Garden photography challenge

This particular project is purely a whimsicle folly, borne of frustration and the knowledge that garden birds will play a major part in my enjoyment of the natural world whilst Bev's mum remains in our care. Indeed, the moth trap may also feature more regularly as the year progresses, such is my need to make the most of whatever is on offer under these trying circumstances.
To photograph fifty species of birds, in any calendar year, isn't much of an ask. Indeed, I'm confident that I've managed that total ever since I was made aware of digi-scoping way back in 2003. My travels involved in pursuit of my angling targets, plus our  holiday adventures, ensure that I have every opportunity to point a lens in the direction of many species of bird during any twelve month period. To do so from within the boundaries of our bungalow/garden, however, does add a degree of difficulty to the task.

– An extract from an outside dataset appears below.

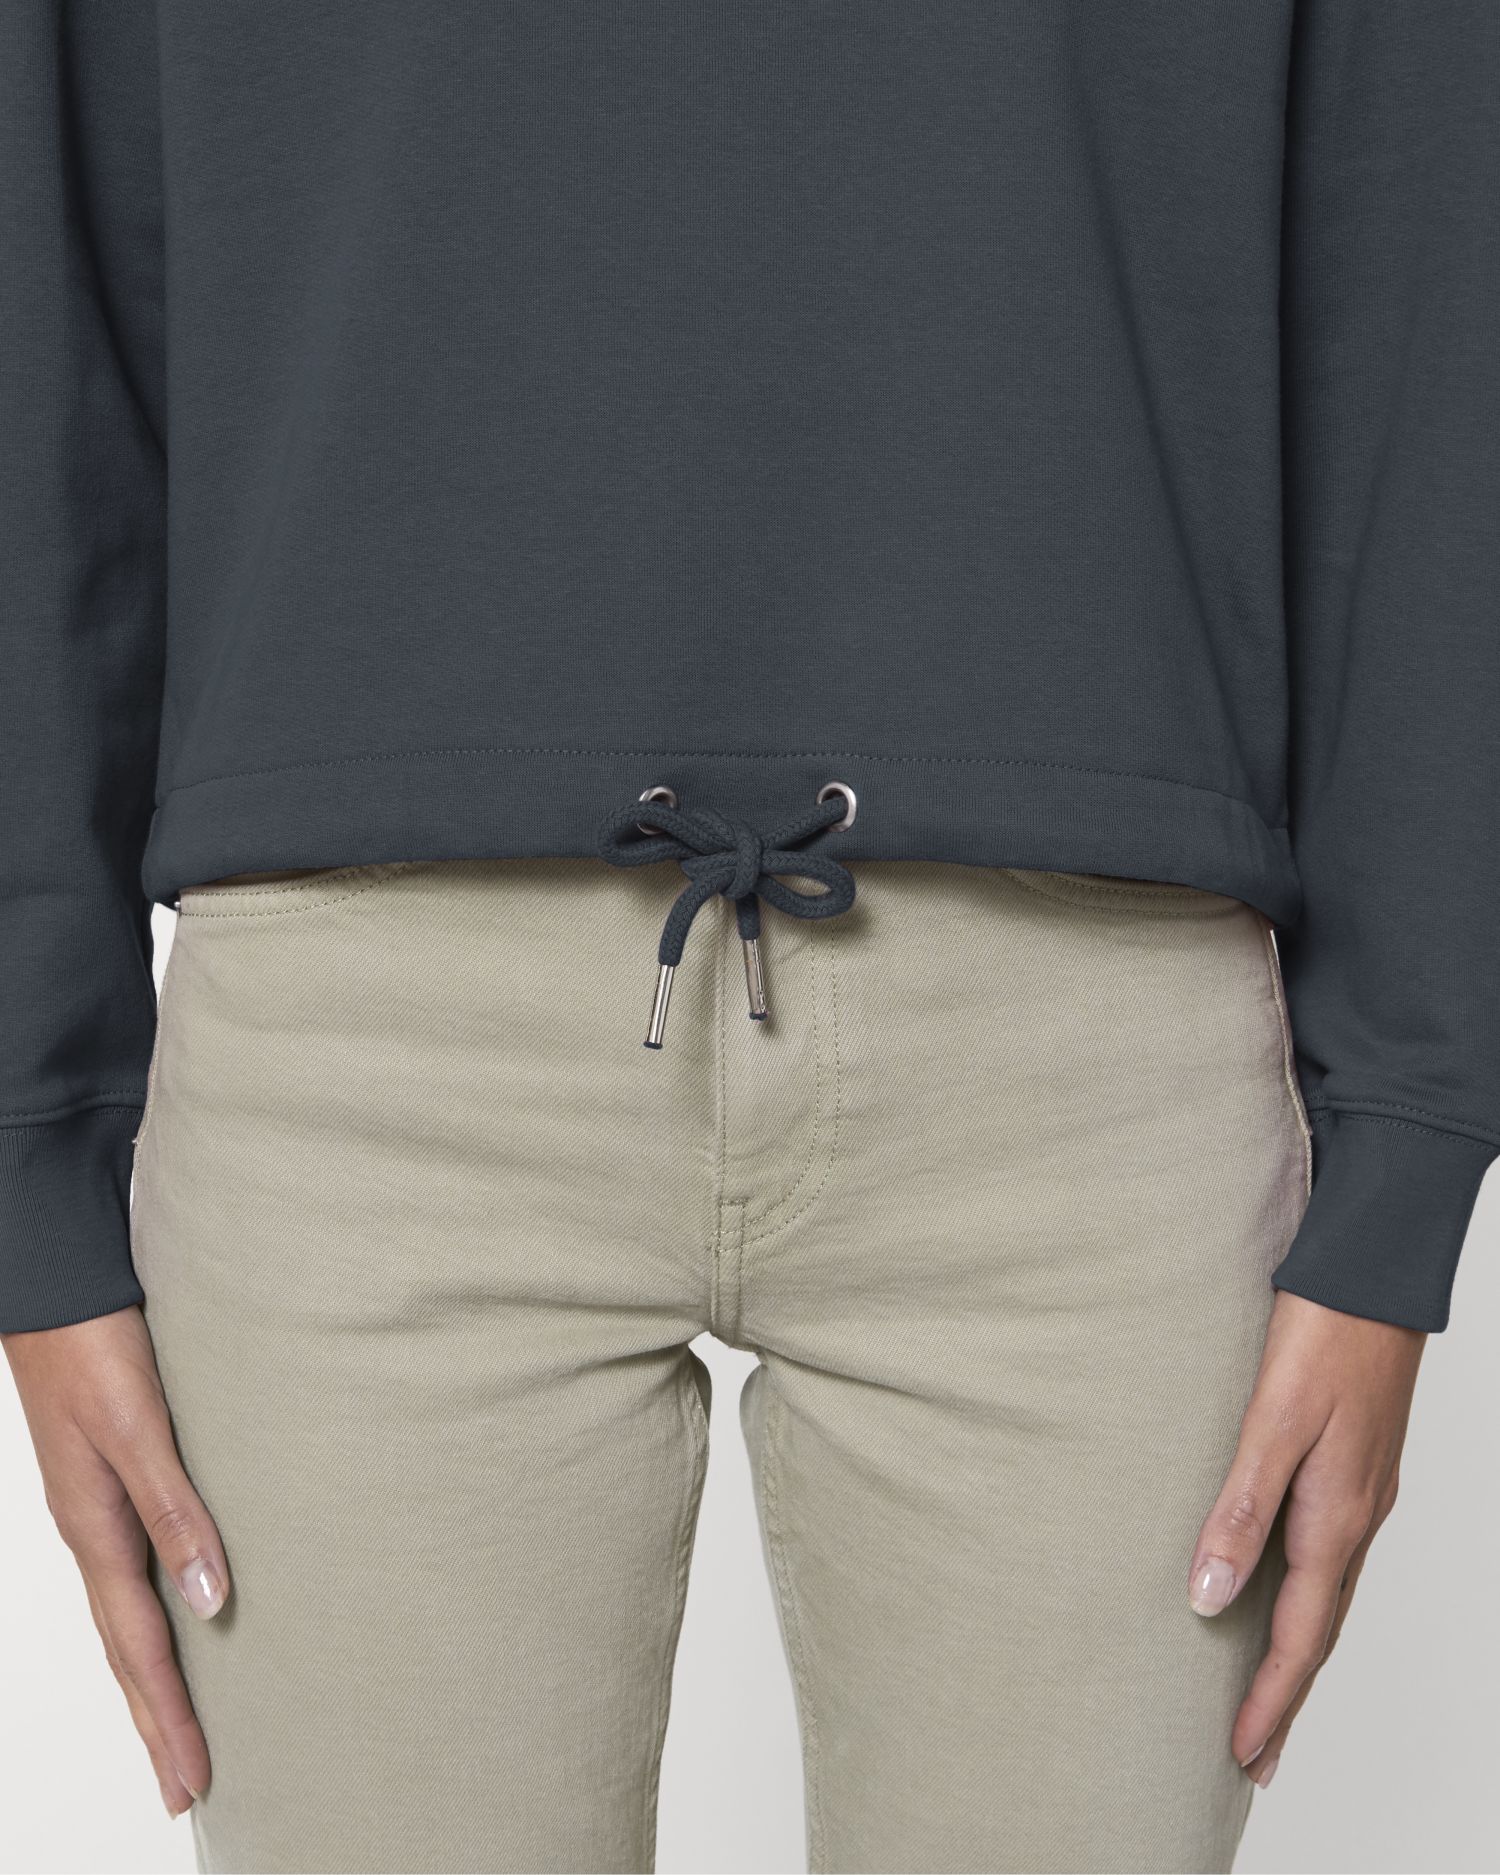 Hoodie sweatshirts Stella Bower in Farbe India Ink Grey
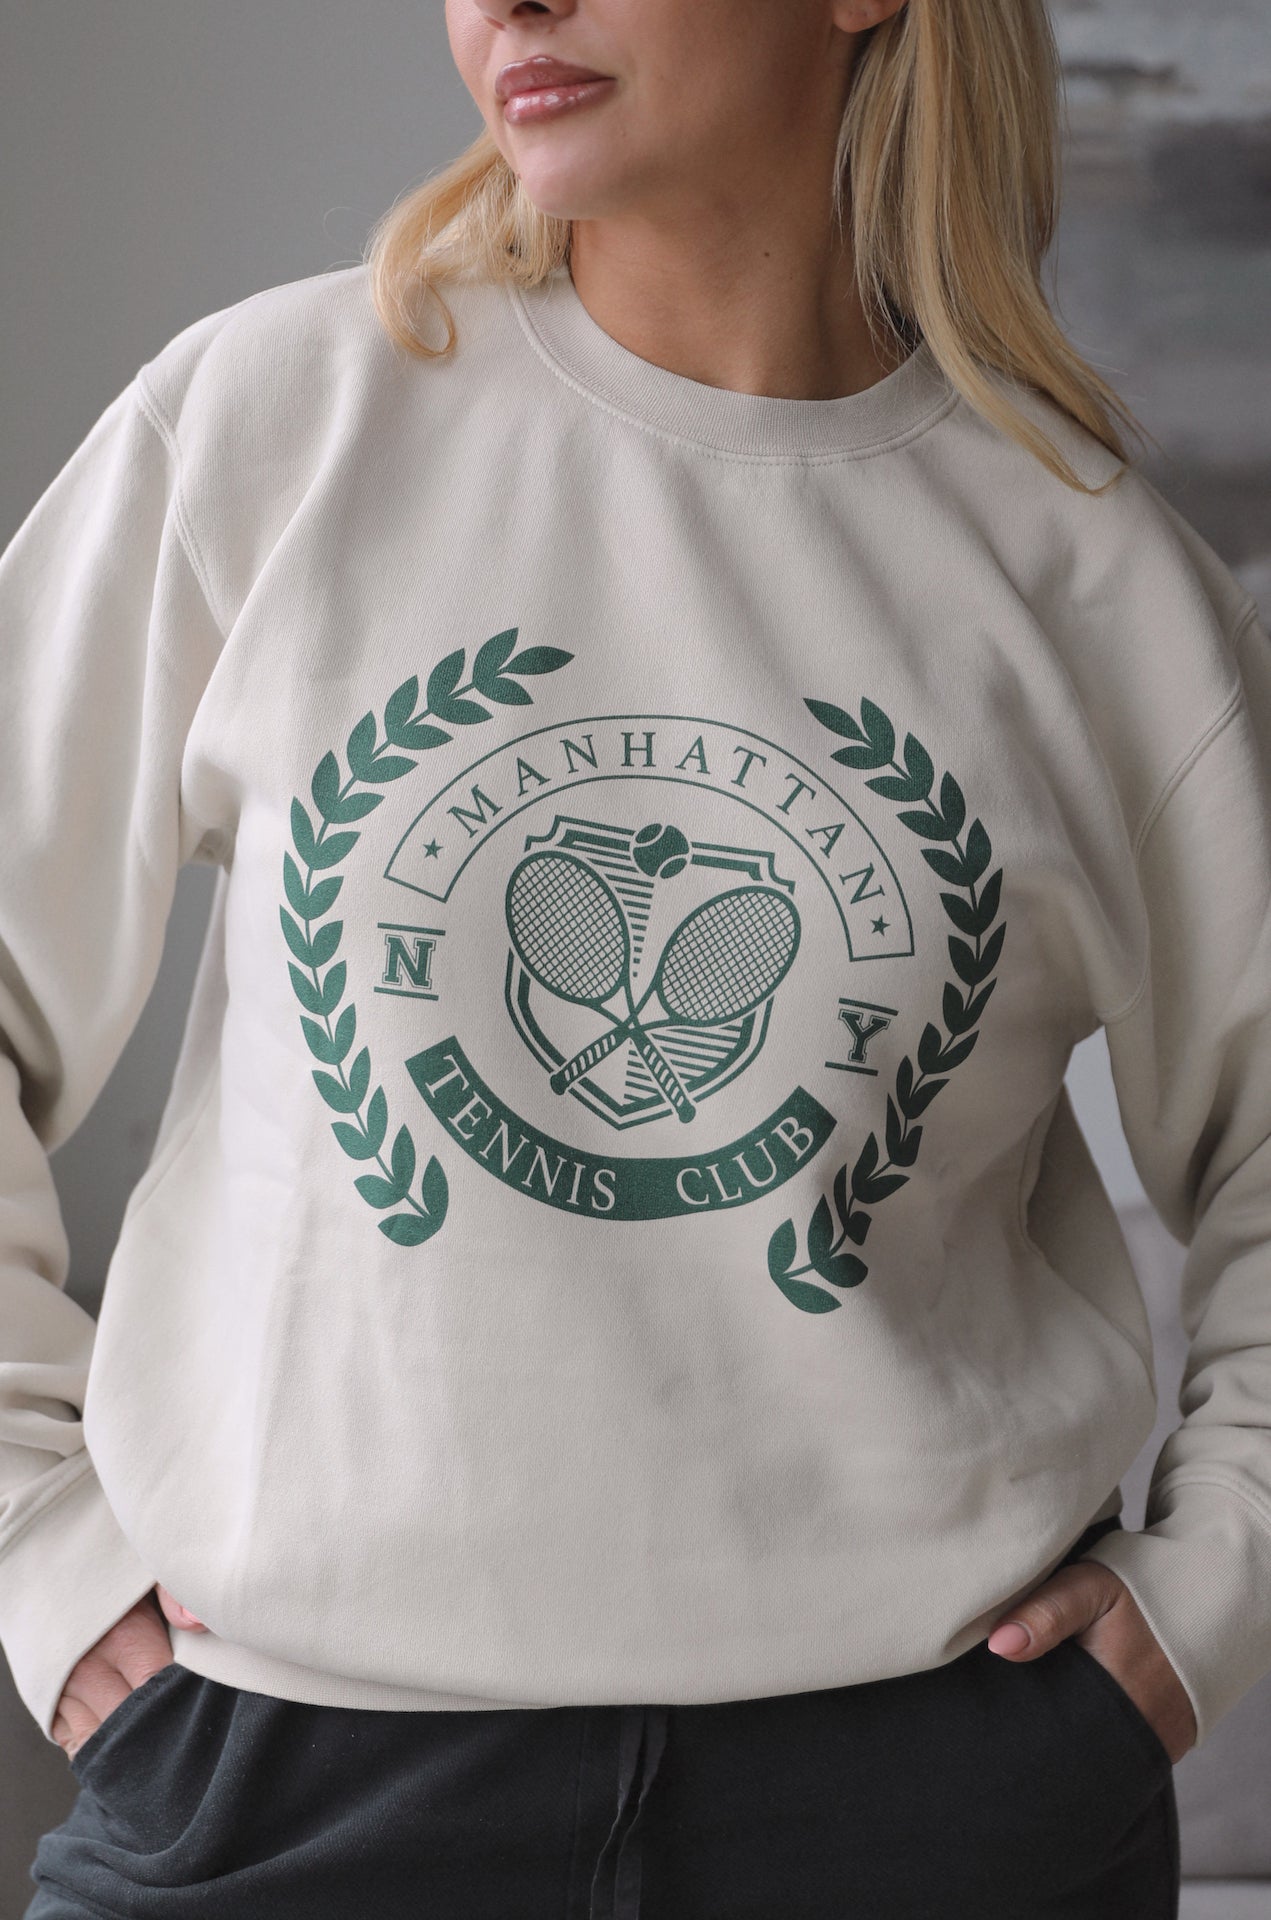 Shop the Preppy Hamptons Tennis Club Sweatshirt

I stopped keeping detailed lists some ten years back but, know that the garden list stood at 173 species and my Newlands Farm patch list 219 for the same period (November 2000 - May 2011) Funny how things that once seemed so important can become very secondary with the passing of time? Doesn't change the pleasure derived from any wildlife encounters, just the need to tick boxes and create data has long since passed me by - my choice and my life, so no need for others to get upset.


I would guess that I record between 90 - 100 species annually from the garden, so photographing fifty isn't such a task? That's how I saw it until I started to tot up my options. Oystercatcher, Curlew, Whimbrel and Green Sandpiper are annual, but have never been photographed because they are, almost exclusively, nocturnal records. Meadow Pipit, Grey and Pied Wagtails are also recorded every year, yet I've only one photo of a Pied Wag in the garden from the nineteen years we've lived here and that was in the snow! Green Woodpeckers breed over on the farm, and in Ramsgate Cemetery, yet again, only one photo from the garden. Basically, I'm going to require a fair slice of luck if this challenge has any chance of being completed.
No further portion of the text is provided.